Why are clinical trials necessary?
To provide evidence.
Why do ethics play a role in clinical trials?
Ethics play a huge role because trials often involve the use of human participants, and can involve drugs that have not been fully explored.
What are observational studies and why are they less effective than clinical trials?
Observational trials are where a drug is simply introduced into a population and the effects are studied. The issues. include issues with cause/causation, replication bias and the fact that not all things work in practice effectively.
What aspects of drugs are evaluated in clinical trials?
Efficacy and safety
What are the stages in clinical trial development?
What happens with in the drug discovery stage?
DRUG DISCOVERY- the process from chemical structure to licensed drug is thought to take around 10 years and cost £100million.
What happens during the pre-clinical development stage?
PRE-CLINICAL DEVELOPMENT- animal pharmacology (dosage, adverse effects), animal toxicology (teratogenicity, fertility, mutagenicity), tissue cultures.
What are the 4 stages of clinical development?
Phase I (Volunteer Studies) Phase II (Patient Studies) Phase III (Further Patient Studies) Phase IV (Post-Regulation Studies)

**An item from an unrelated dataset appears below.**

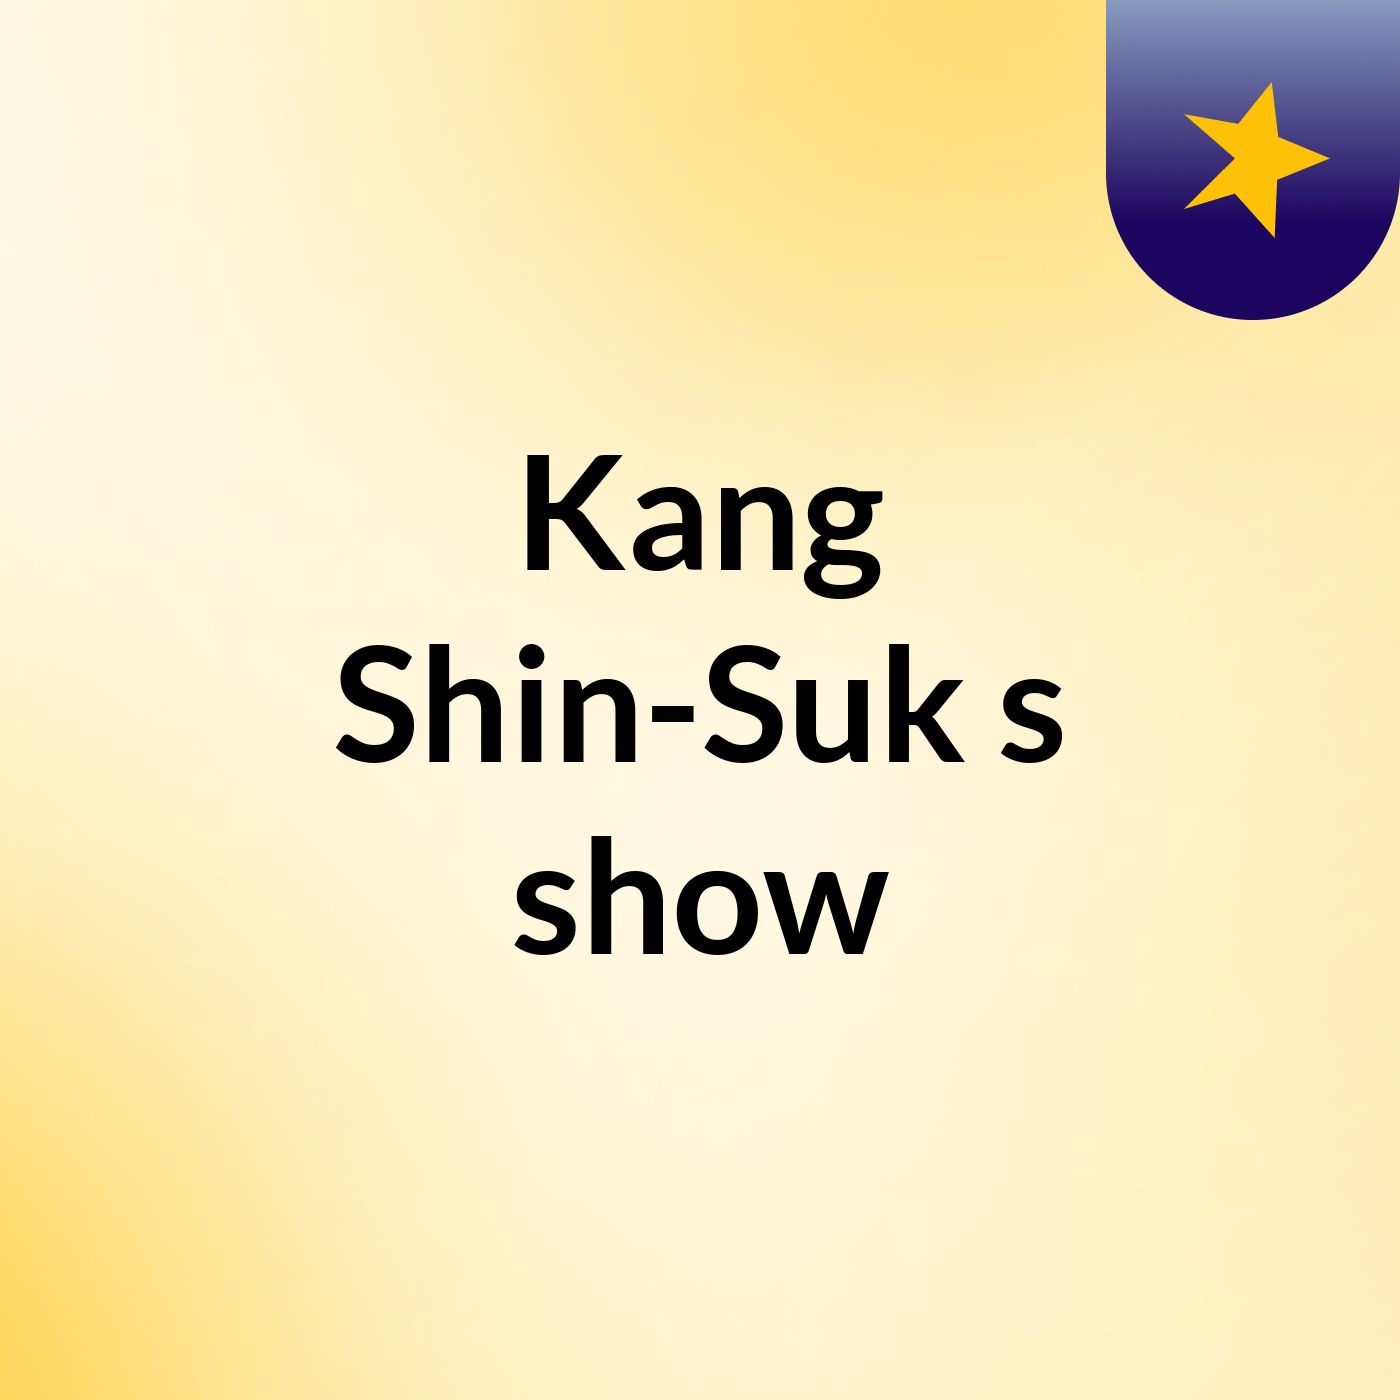 Kang Shin-Suk's show

What happens during Phase I?
Phase I (Volunteer Studies)
• Clinical pharmacology is assessed in normal volunteers, generating pharmokinetic, metabolic and pharmacodynamic data.
• Usually involves around 100 subjects.
• Certain drugs (e.g. cytotoxics) will bypass this phase.
What happens during Phase II?
Phase II (Patient Studies)
• Clinical investigation to confirm the kinetics and dynamics in patients (who may have renal/liver/GI issues)
• Provides some evidence of efficacy and identifies a likely dosage range.
• Involves around 500 patients.
What happens during Phase III?
Phase III (Further Patient Studies)
• Formal therapeutic trials where efficacy will be established and evidence of safety will be obtained.
• Involves 1000-10,000 patients
• At completion, all data (pre-clinical, pharmaceutical and clinical) is submitted as an application to the regulatory authority for a license to sell the drug.
What happens during Phase IV?
Phase IV (Post-Regulation Studies) • Post-marketing surveillance to produce evidence of the long-term safety of the drug. Involves 10/100,000 patients.
What are pilot studies designed to do?
Test the experimental design, not test for results.
What are placebos intended to do?
Used to compare the outcome in two different groups of patients.
What is a double blind trial?
Double blind- both patient/doctor are blinded.
What is a single blind trial?
Single blind- patient is blinded.
What does it mean if a trial is prospective?
The protocol is established beforehand.
What does it mean if a trial is retrospective?
The trial is less good as protocol can be altered and so is open to increased bias.
What is cross-over design?
A divided group on separate treatments cross over after 8 weeks and switch drugs in a wash-out period.
What are the disadvantages of randomised design?
Acceptability of randomisation
What is the difference between superiority design and non-inferiority design?
Superiority design will show that a particular drug is BETTER than the current one. Non-inferiority will show that it is just AS GOOD- alright but not better choice.